In 2009, who are the unemployed? Not, by and large, workers in factories that will make goods for American consumers. The deindustrialization of the economy, in progress since the 1970's, makes any stimulus program a low probability gamble. Will the stimulus program re-employ the leeches in the financial services industry that sent us over the edge in the first place? It is important to realize that this sector of the economy had grown to a very large proportion; possibly unprecedented. Even if the Federal government chose to reward them with new employment, what is it that the Federal government could buy from the sector? Variable annuities? Would those who are re-employed as a result of the stimulus program spend their newly increased incomes in the financial services sector, thus re-employing all those folks? Would that be rational?
In later postings, which don't come to mind (and given the allusive nature of post titling used ...), this notion was made more specific. Any economic recovery from depression/recession faces a fork in the road early on: either re-inflate the businesses which had been employing those made redundant by the collapse (even, and especially in the current case, those who caused the collapse), or move the economy into new (and by intent anyway, less silly) modes of production. I've returned to them in both versions of this endeavor on occasion. Re-inflation is easier to do, since it rewards the wealthy miscreants, and that's exactly what the QE exercise has done. Total employed has barely changed over the course. Capital gains, for those with capital naturally, have exploded. Such a country!!
In sum: the raptor-quants intend to snip the gonads off the only part of Dodd-Frank that deals with the root cause of The Great Recession. They want all mortgages to be classified as exempt from the stricter rules (which aren't all that strict, particularly in historical context).

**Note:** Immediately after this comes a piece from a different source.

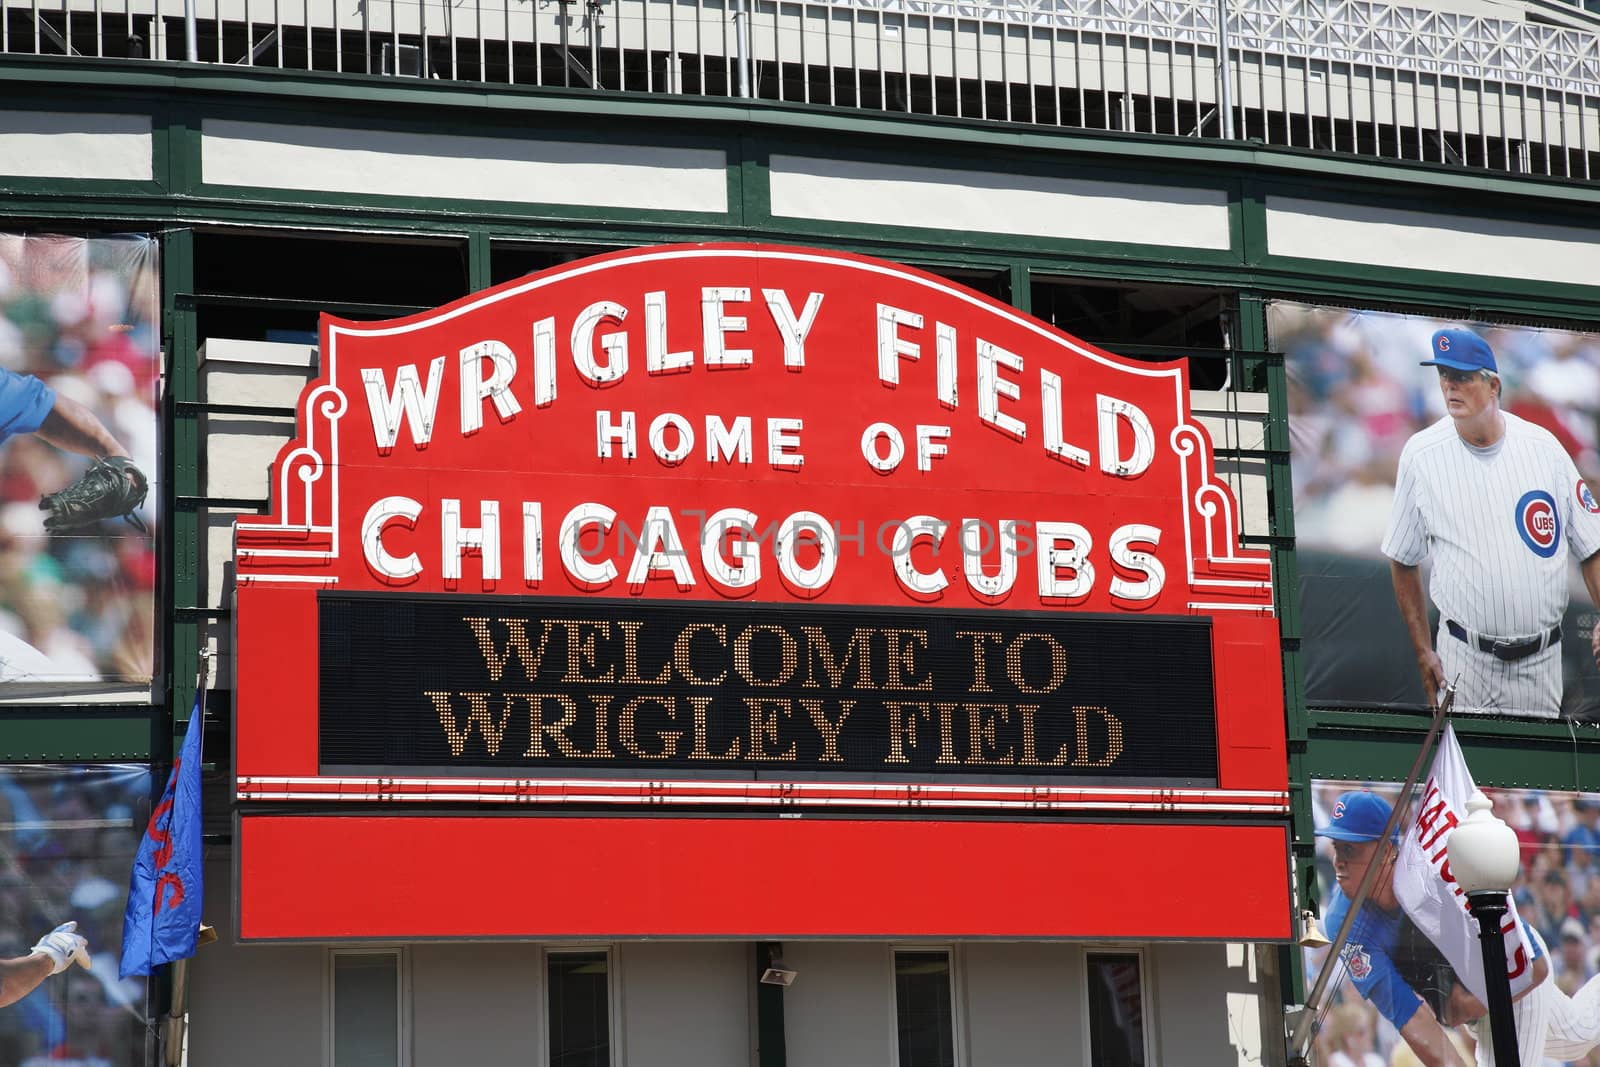 Historic ballpark and famous welcome sign of the Chicago Cubs

They want to go back to 2004 when they could slurp jeroboams of moolah from the stream going from the saving class to the borrowing class. A zero-sum profit machine.
As Floyd Norris reports today, the Banksters, in harmony with builders and even some titular Left Wingnuts, have been hard at work to "Make it So", putting the oomph back into Banksterism.
The rules on qualified mortgages are meant to assure that consumers can afford them, and the requirements are rather low. Lenders must go to the trouble of verifying a borrower's income, and the total monthly debt obligation must be no more than 43 percent of pretax income. There are no requirements for down payments, or limits on how much is lent relative to the value of the property.
He later quotes the figure I've generally used: 35% as the operational rule of thumb. The new rules define three classes of mortgages, with the best having no restrictions. Naturally, the Banksters want all mortgages to magically qualify. "Welcome to Lake Homebegon, where all the Banksters are strong, all the men are feckless, and all the mortgages are above average."
So, the part of Dodd-Frank that's under assault is that which intends to rein in profligacy by home mortgage issuers (be they banks or mortgage companies). Both don't want to go back to the Good Old Days (which they always do, mostly) when savings' banks lent most mortgages and held them to term. Not much moolah to be slurped up that way. Better to make loosey-goosey ARMs and such, and sell them off for a quick few bucks. The builders don't want the new rules, since such rules reduce the number of high value qualifying houses; higher price thus higher profit. Just ask Apple how that works.
The raptor-quants are starting to feel hungry and need a hearty meal. I suppose it's just a coincidence that we hear about their hunger pangs at Thanksgivanukkah.